The Feast of Victory

As we drove into Suwalki, the muffled rolling of the guns followed us through the damp twilight. Stopping at the Europiski Hotel, a faded building of painted stones, we passed to the clicking of sentries' heels under a dripping archway, opening into a filthy, watery court. One saw bare-legged women, yoked with double pails, picking their way between the shiny automobiles of the staff, to a typhus menacing well beyond. On the right of the archway a flight of heavy stone steps ran up to a dingy drinking room; a tea room now, since the days of the vodka ukase. A greasy proletarian smirked a welcome from behind a counter, laden with platters of food, as sour as his smile. Excusing himself, Rittmeister Tzschirner opened the door to a larger room on the right, which we had seen open during the day, but always closed after six at night. Taking seats at one of the little round topped tables, I watched the German officers filing in, taking plates from a high stack, and helping themselves from the large platters on the counter, always paying the price without comment and in money, while the greasy proprietor rang a merry tune on his cash register, and contemptuous, no doubt, that the conquering Germans paid his outrageous prices without protest. I knew the man with the smirk was thinking that had the Russians been the conquerors they would not have bothered about the score. No, not the Russians. They would have had his daughters dance for them, and they would have eaten their fill in the name of the Czar. To give him full measure, they might have beaten him with the flats of their swords. Bah, these Germans, they were fools!

"Excellence von Eichorn," said Tzschirner, returning, "begs that you be his guest at dinner."

I could scarcely credit my good fortune. Dinner with the Commanding General of the 10th German army on the night of his triumph.

"We shall eat with Excellence and his staff—in celebration of the victory," added the Rittmeister.
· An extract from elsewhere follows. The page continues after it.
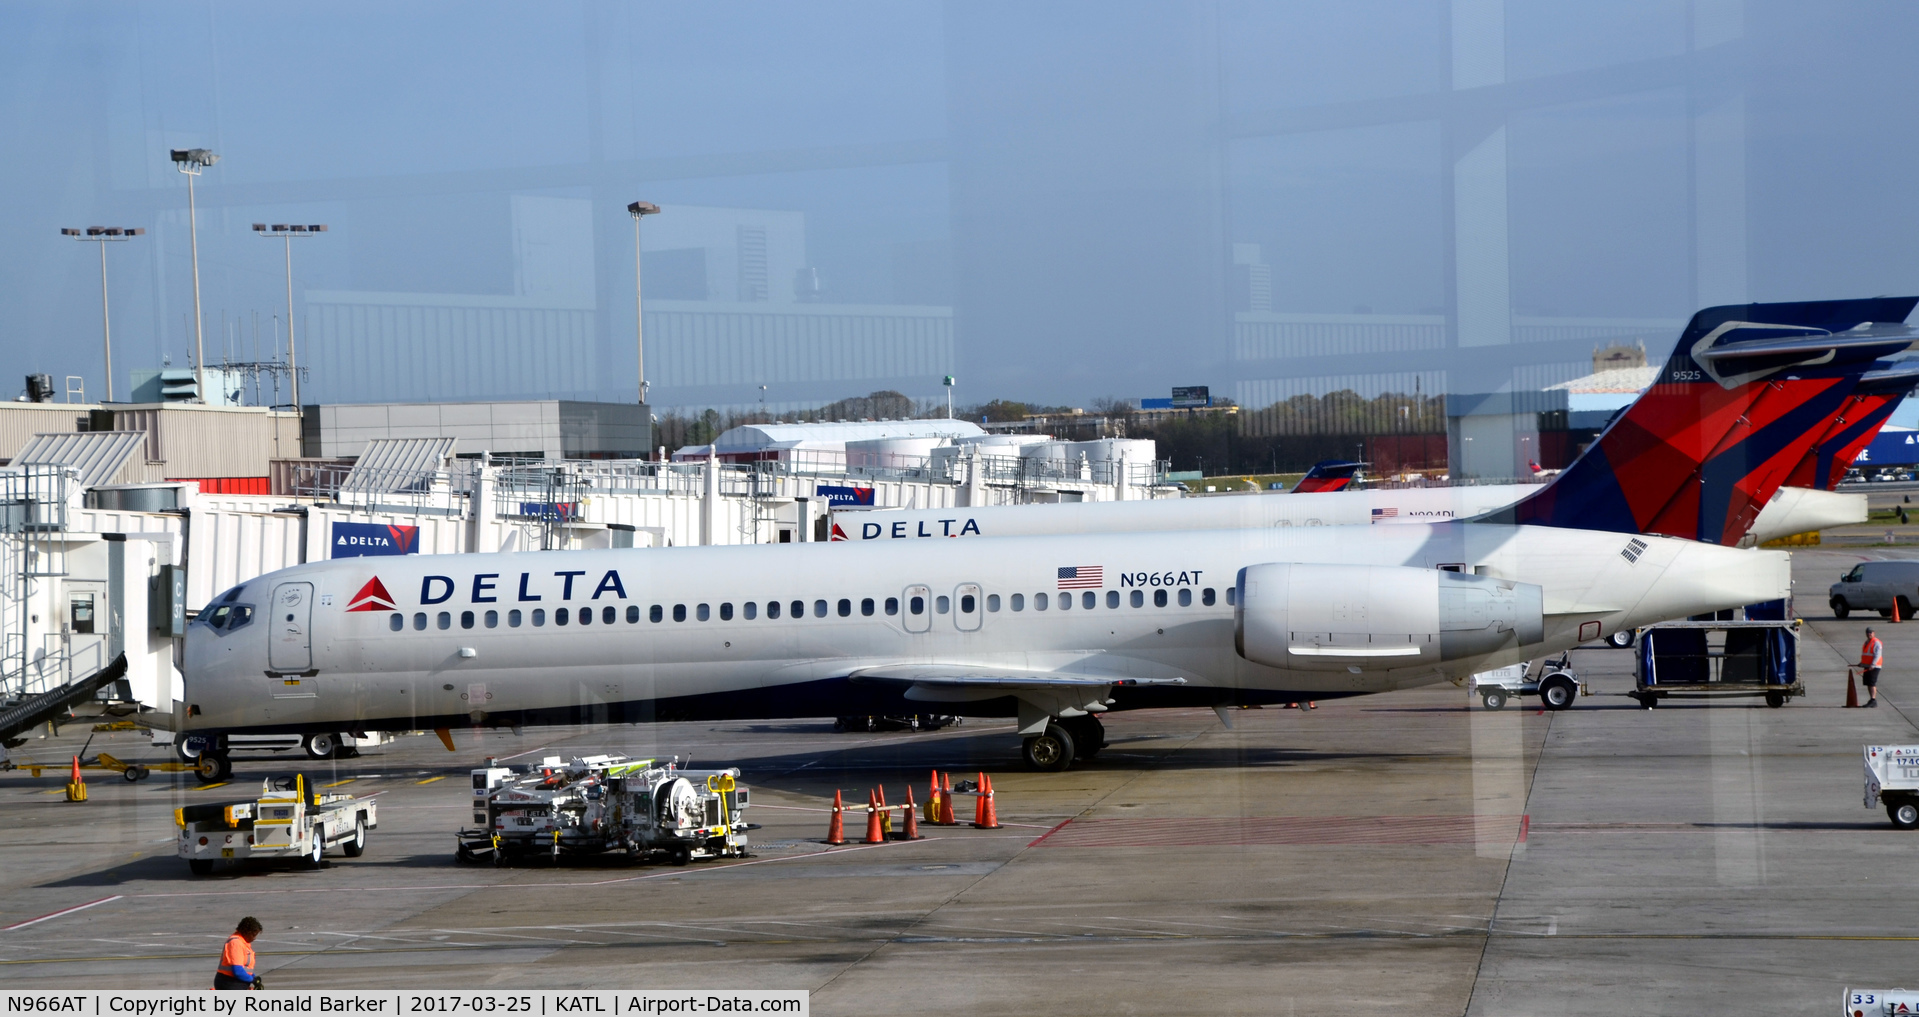 N966AT, 2001 Boeing 717-200 C/N 55027, Gate C37 Atlanta

This latter was a bit of gentle irony that for the moment I missed. I later learned that the room which always closed at six, was the dining hall of General von Eichorn and his staff. As we passed in with Tzschirner, the officers showed a polite curiosity and then bent over their food. "Amerikaner!" I heard some one say. Soon I was shaking hands with the hero of the battle of Augustowo Wald. A tall white haired man, who must have been over sixty, whose face betokened more of the scholar than the soldier. The clear twinkling eyes and the fine thoughtful forehead, were those of a serene doctor of laws who was living out his life among the flowers of some pretty university town; and yet his jaw was a buttress of steel and his mouth had a way of thinning in a straight grim line—a strange combination of the humanitarian and militant elements.

"I congratulate your Excellency" (what a feeble attempt it was!) "upon your wonderful victory." Telling me I was very kind, he then by some trick of his marvelous personality almost succeeded in making us feel that we, not he, were the heroes of the evening. While we were meeting different members of his staff, we learned what the Russian rout was. The entire Tenth Army under General Russky had been smashed. One hundred thousand men had been made prisoners; eighty thousand wounded, forty thousand dead, ten thousand fugitives. About three hundred and fifty cannons had been captured, with munition and with machine guns, so vast in numbers that there had not yet been time to count them. An entire army annihilated! The white haired man, who, sitting at the table at the end of the room, from which radiated other tables like those at a banquet, and he who was now raising a cup of tea, and smiling about him with gentle eyes, he had directed it all—the smashing of almost a quarter million men—making ninety thousand of them captive and killing or wounding or starving the rest.

And this was the feast in celebration of victory. In English and American newspapers I had read of the drunken revels with which the Barbarians made the nights of their triumphs more terrible. I had read that the first great drive into France fell short of Paris, because entire staffs had gone drunk; and then I recalled Rittmeister Tzschirner in extending Von Eichorn's invitation had added with genial irony—"in celebration of the victory."

And this was the feast, stewed hare and fried meat cakes, mashed potatoes and rice, all covered with a brown gravy and served all in the same big platters, a slice of black bread, tea, the sweetened whipped white of an egg, and one glass of a cheap Bordeaux for each man—that was the menu with which the battle of Augustowo Wald was celebrated.